Don't get your shorts in a twist if you don't feel loved, for you cannot find love on Facebook. [Did I say that already?]  I write to convey information, information that I think is necessary and vital, that has been life changing for me.  No one can do love for you.  If you don't know what is wrong with the statement, "I don't feel loved," then I cannot do anything for you.  Christianity is not expressed by a pout.

 

I have never found that I could love anyone enough to make them feel loved. I have tried and finally learned that I was presumptuous even to have tried.  If they live in the world and do not feel the love of God, why would my love persuade them?  I will bear witness of His love and it is up to Him to make it good.  I desire attention and the limelight too much in myself to take on the task of loving in the place of God.  That implies that the love of God is hidden until Christians show enough of it.  I have known many people in my life who live and witnessed and demonstrated the love of God to everyone around them, but it was not a performance for they were unaware of it.  "Lord, when saw we thee in prison and visited thee...?"

 

"Who hath believed our report...?" the prophets cried.  But the world didn't come flocking to their door in order to know God. In fact, some of them were shamefully treated.  I remember that Jesus said something about the shameful treatment of the prophets.
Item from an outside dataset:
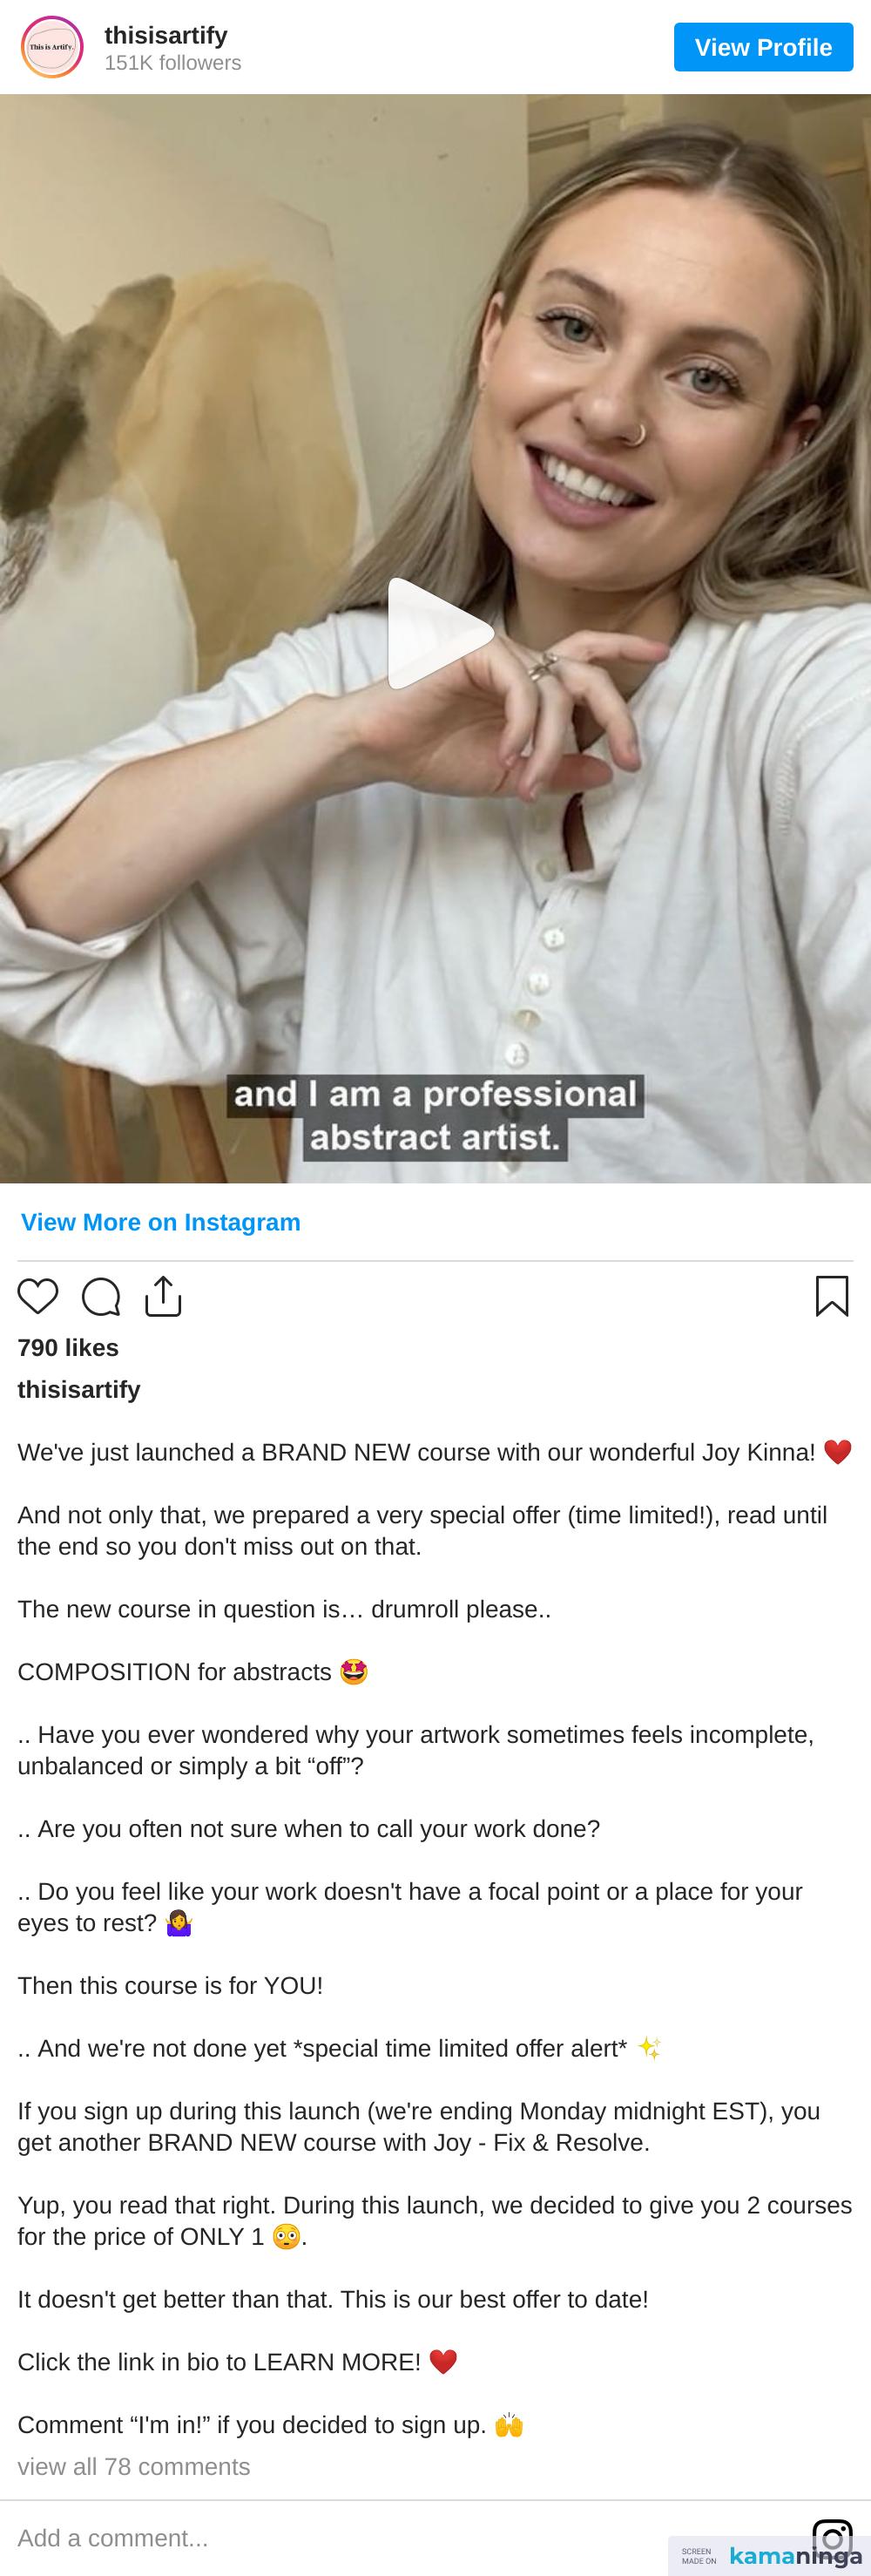 https://www.instagram.com/p/CRH5s0KDfHc/

It also seems to me that the world didn't come flocking to Jesus to repent and follow Him, but put Him to a death that was shameful and cursed of God.  His apostles all suffered martyrdom.  Guess they hadn't gotten the love thing down very well either.

 

The deacon was also stoned by people who perceived that lack of love in him.  Maybe because he didn't speak the truth in love when he said, " Ye stiff necked and uncircumcised in heart and ears, ye do always resist the Holy Ghost: as your fathers did, so do ye.52  Which of the prophets have not your fathers persecuted? and they have slain them which showed before of the coming of the Just One; of whom ye have been now the betrayers and murderers:53  Who have received the law by the disposition of angels, and have not kept it."   When they heard these things, they were cut to the heart, and they gnashed on him with their teeth.

 

Poor deacon Stephen.  He should have seasoned his speech with salt.  [For the ironically challenged, much of this is irony].

 

David wrote in his last words:  "But the sons of Belial shall be all of them as thorns thrust away, because they cannot be taken with hands:  But the man that shall touch them must be fenced with iron and the staff of a spear; and they shall be utterly burned with fire in the same place."  The Greater David rules with a rod of iron, a strange figure of speech that the modern love prostitutes could not possibly understand.

 

Facebook has become a  method I use of laying ideas at the doors of people's minds, most of whom I know very little.  I have no idea whether most of you are honest or not, whether you are persons of integrity, or snakes in the grass, pretending a devotion to God that you do not have.  The overwhelming majority of the people I have known over the past seventy six years who made great professions of piety were as phony as a lead nickel.  The few who didn't, I suppose, got better and don't profess so much now.  Real piety makes much of God and little of man.

 

The most trustworthy people I have known had suffered a great deal, known betrayal, but didn't whine or talk about it.  Like WWII veterans, they didn't talk about it, but they knew how to talk straight and how to discern a phony.  They didn't pout about not being loved, for they were too busy serving others to notice.   In the circus of American religion that breed is dying out, but there never were very many.  I knew a few when I was a boy and the Lord used them to convince me that there was gold in the mine.  I have not been disappointed.  A lot of people will never get better, some will and adorn the church in the days to come.

 

All of you have a good day.  I have some real work and reading to do and will be absent from FB for a while.  But I will return to my street corner with my tracts for distribution in due time.  You can do with them what ye will.  This man has learned something of the love of God; by that I do not mean my love for Him, for that is paltry and mean; but His immense love for me, of which I discern but a little.  This I learned from long gazing into the Scripture where I have found the glory of God in His face.  "when thine eye is single, thy whole body also is full of light."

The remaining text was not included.